Learning to schedule is also very important. Without scheduling, many hours are likely to be wasted in a week. Scheduling helps you to get done the things you need to and want to. Get on Titus 2 for some great books and other resources. But you can learn to schedule even without a book. Daughters, try to make your own mini schedule. I schedule my mornings with help from Mom, because that’s when I’m usually slow. Having a schedule helps me be productive.
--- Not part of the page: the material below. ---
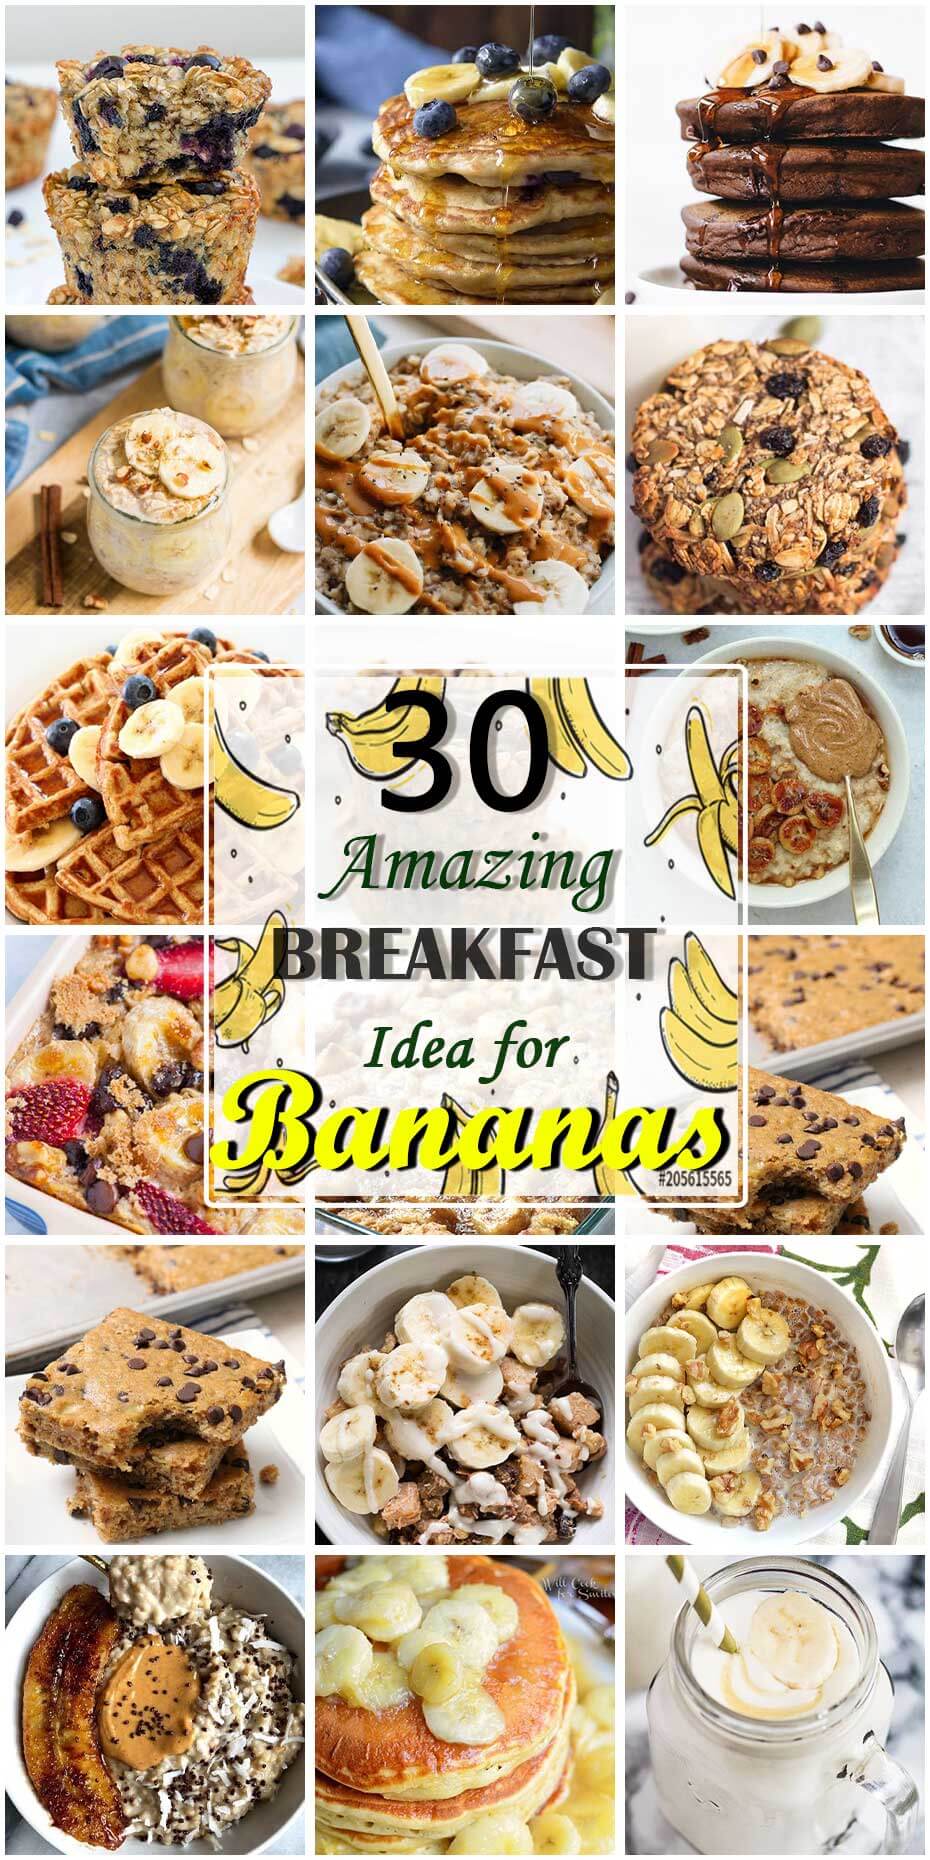 30 Amazing Breakfast Ideas For Bananas Easy And Healthy Recipes
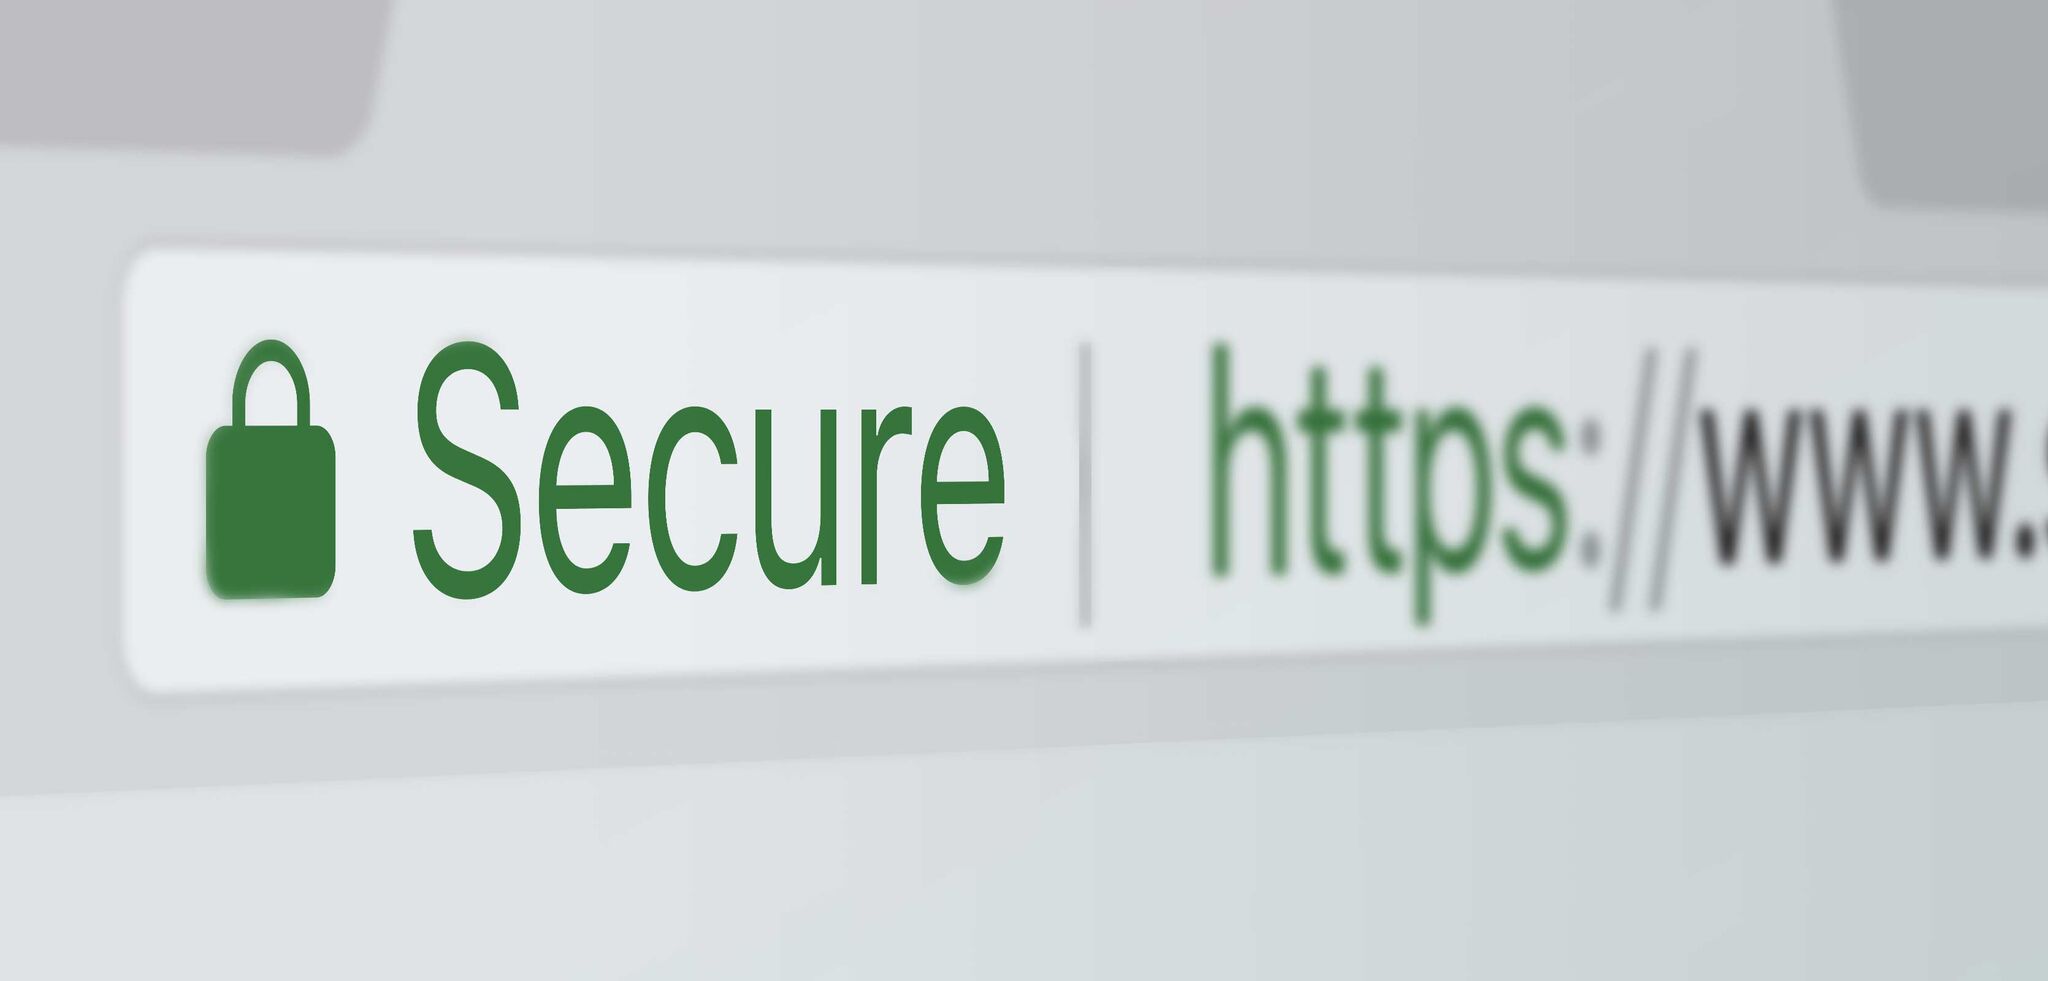 Https secure archiveofourown org. SSL сертификат. SSL сертификат для сайта. SSL сертификат картинки. ССЛ сертификат.

Home economics: It’s a very important subject, yet it is often neglected. Collect your resources, and start learning the art of homemaking today. Then this scene is more likely:
Mrs. Sally Smith carefully consults her schedule. “Good. I’ve got a lot of things done. I think I’ll go get out the cookies I made yesterday. The children will be here soon,” she says to herself. But first, she crosses to the bedroom and wakes the baby up. If he doesn’t get up now, he won’t go to sleep tonight anyway. Then, after settling him in the playpen, she gets out the cookies and hot chocolate. The door bursts open and the five children come in. “Please hang up your coats and take your boots off,” she reminds the children. They quickly obey, then sit down to eat their snack, except Abigail, who is crying because she fell in a mud puddle. “Come, Abby,” Mrs. Smith says cheerily, and quickly changes her into a fresh pinafore. Now happy, Abigail sits down to eat. “Elizabeth, I need you to fold the laundry in fifteen minutes, please. Boys, I need you to shovel the walk in an hour. Girls, why don’t you start on your Christmas projects?” Mrs. Smith directs patiently. They nod, and Esther looks up. “Will you sew with me?” “Of course,” she says, “But first, I need to put in tonight’s stew.” They all scatter to their various tasks, and peace reigns.